The many
Many Ma"ny, a. & pron.

Note: [It has no variation to express degrees of comparison; more and most, which are used for the comparative and superlative degrees, are from a different root.] [OE. mani, moni, AS. manig, m[ae]nig, monig; akin to D. menig, OS. & OHG. manag, G. manch, Dan. mange, Sw. m[*a]nge, Goth. manags, OSlav. mnog', Russ. mnogii; cf. Icel. margr, Prov. E. mort. [root]103.] Consisting of a great number; numerous; not few. [1913 Webster]

Thou shalt be a father of many nations. --Gen. xvii. 4. [1913 Webster]

Not many wise men after the flesh, not many mighty, not many noble, are called. --1 Cor. i. 26. [1913 Webster]

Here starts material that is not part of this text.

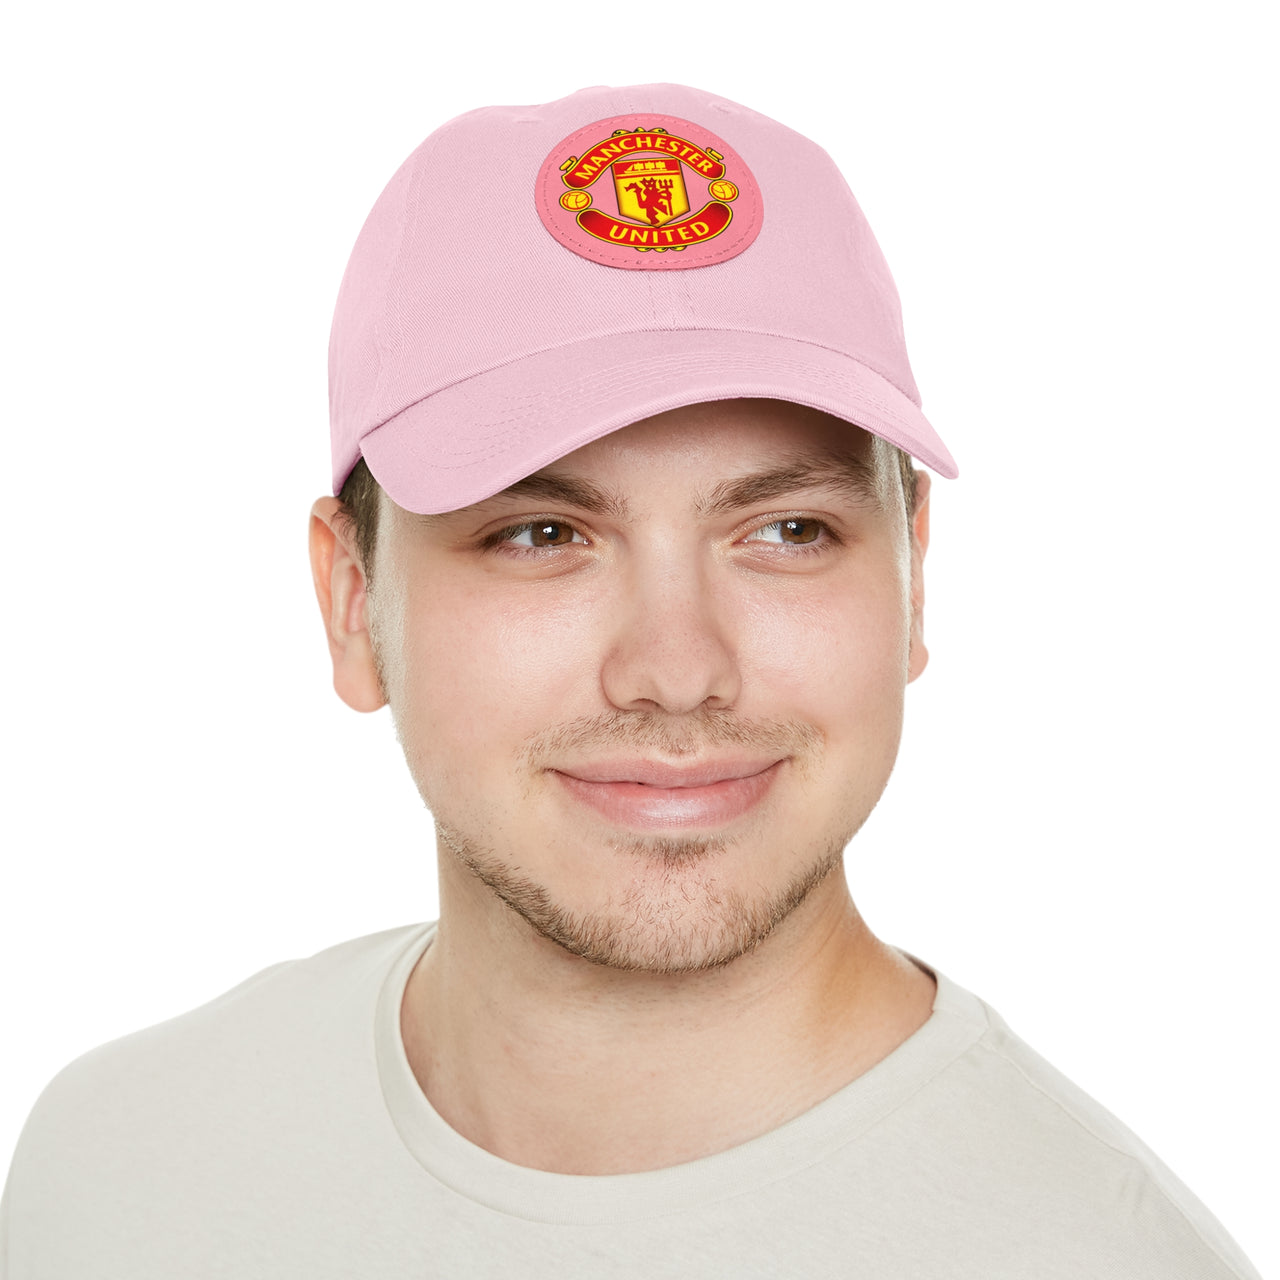 Manchester United Dad Hat with Leather Patch (Round)
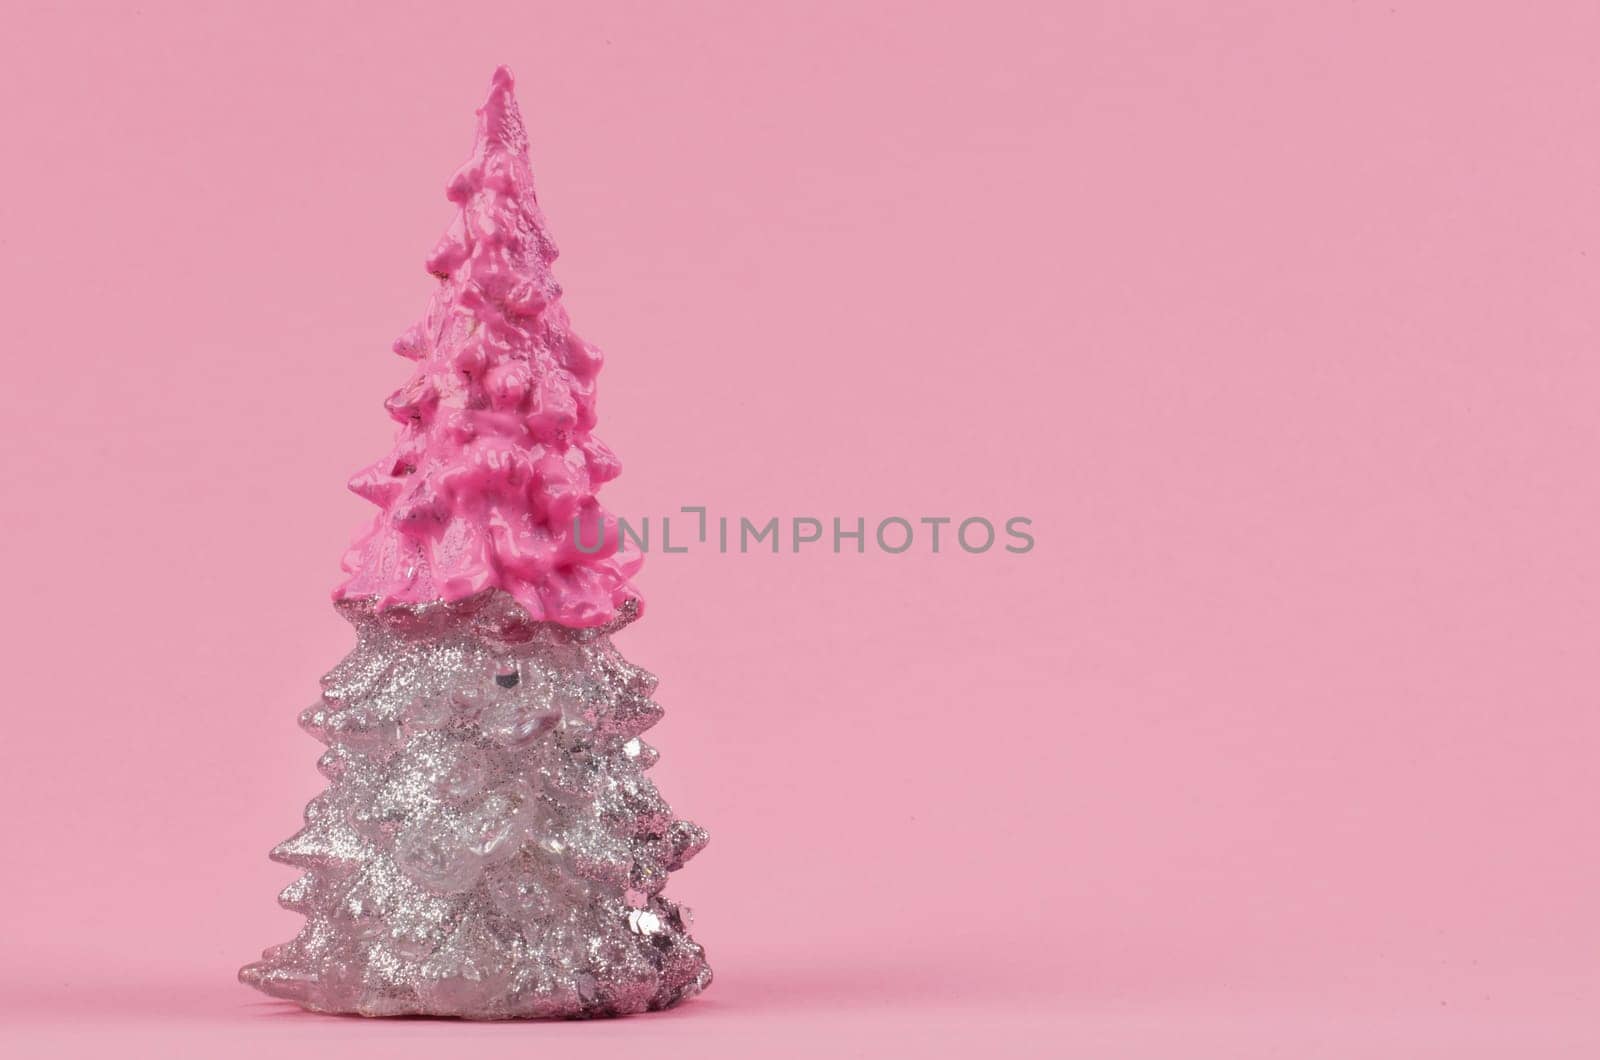 Christmas composition. Pink and silver Christmas tree on a pink background. Happy Holidays. minimal new year concept.

Note: Many is freely prefixed to participles, forming compounds which need no special explanation; as, many-angled, many-celled, many-eyed, many-footed, many-handed, many-leaved, many-lettered, many-named, many-peopled, many-petaled, many-seeded, many-syllabled (polysyllabic), many-tongued, many-voiced, many-wived, and the like. In such usage it is equivalent to {multi}. Comparison is often expressed by many with as or so. ``As many as were willing hearted . . . brought bracelets.'' --Exod. xxxv. 22. ``So many laws argue so many sins.'' --Milton. Many stands with a singular substantive with a or an. [1913 Webster]

{Many a}, a large number taken distributively; each one of many. ``For thy sake have I shed many a tear.'' --Shak. ``Full many a gem of purest ray serene.'' --Gray.

{Many one}, many a one; many persons. --Bk. of Com. Prayer.

{The many}, the majority; -- opposed to {the few}. See {Many}, n.

{Too many}, too numerous; hence, too powerful; as, they are too many for us. --L'Estrange. [1913 Webster]

Syn: Numerous; multiplied; frequent; manifold; various; divers; sundry. [1913 Webster]


The Collaborative International Dictionary of English. 2000.